I wonder if docker is putting some kind of iptables rule on the host network interface which makes it unreachable from the nomad network interface ? Which is why as soon as docker is installed on the host, the address is unreachable.

IP routes on the host:

default via 192.168.29.1 dev wlp0s20f3 proto dhcp metric 600 
169.254.0.0/16 dev wlp0s20f3 scope link metric 1000 
172.17.0.0/16 dev docker0 proto kernel scope link src 172.17.0.1 linkdown 
172.18.0.0/16 dev br-886858651ca3 proto kernel scope link src 172.18.0.1 linkdown 
172.26.64.0/20 dev nomad proto kernel scope link src 172.26.64.1 
192.168.29.0/24 dev wlp0s20f3 proto kernel scope link src 192.168.29.76 metric 600 

IP routes on the alloc:

nobody@pop-os:/$ ip route
default via 172.26.64.1 dev eth0 
172.26.64.0/20 dev eth0 proto kernel scope link src 172.26.64.87 
nobody@pop-os:/$ 

(This I believe is the default subnet that nomad uses).

Question:

What I want to achieve is to be able to reach the application from inside the alloc exec for quick debugging/tests.

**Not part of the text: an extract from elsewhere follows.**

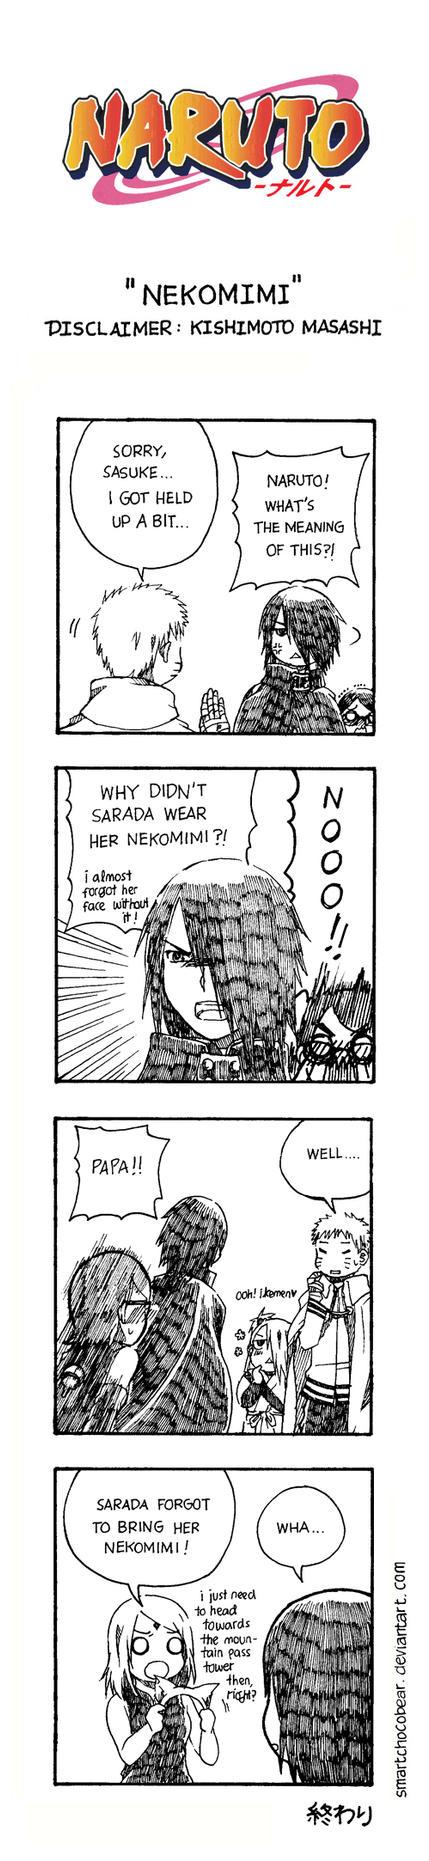 Naruto Doujinshi - Nekomimi by SmartChocoBear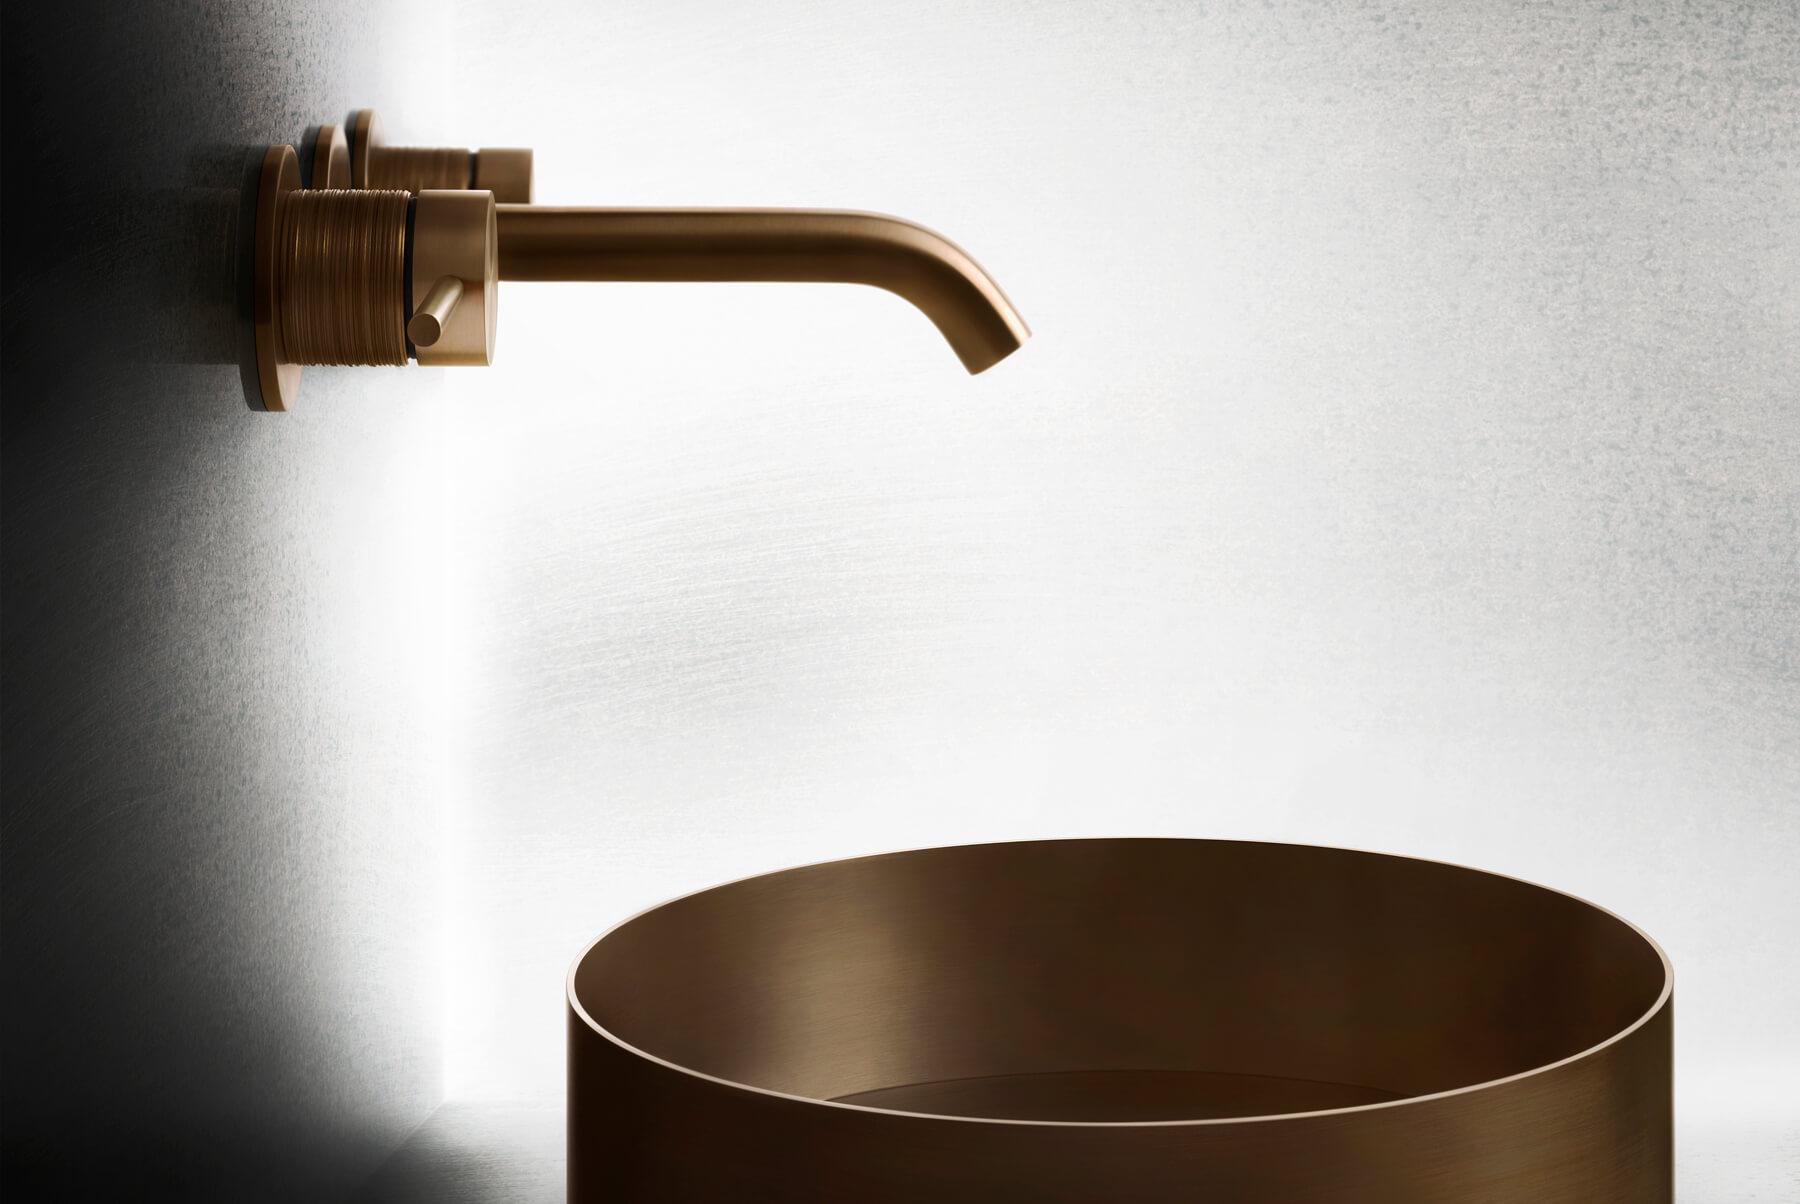 Brassware-GESSI-316-Inset-5-1800x1204

What is the best way to achieve that/which address/interface should I be using in that case? I've tried the lo/0.0.0.0/nomad but none seem to work. This is unlike docker driver where the application binds to 127.0.0.1 in the container itself so it's reachable, so how exactly would this work in exec?

Thanks!

tgross commented 2 years ago

Hi @mr-karan! The bridge networking setup on the Nomad client appends to iptables (ref networking_bridge_linux.go#L108-L115). This is deliberate and introduced in da27dafdf0f9dce668a03f28987c5806ffb9eda4 so that cluster administrators can add their own rules to the chain. But if you install Docker after you've run a Nomad client that needs the bridge, then the order of those rules is going to be unexpected.

That being said, I tried to reproduce this and weirdly I can't even hit localhost inside the application's network namespace! The allocation is reachable from outside the namespace just fine, just not inside.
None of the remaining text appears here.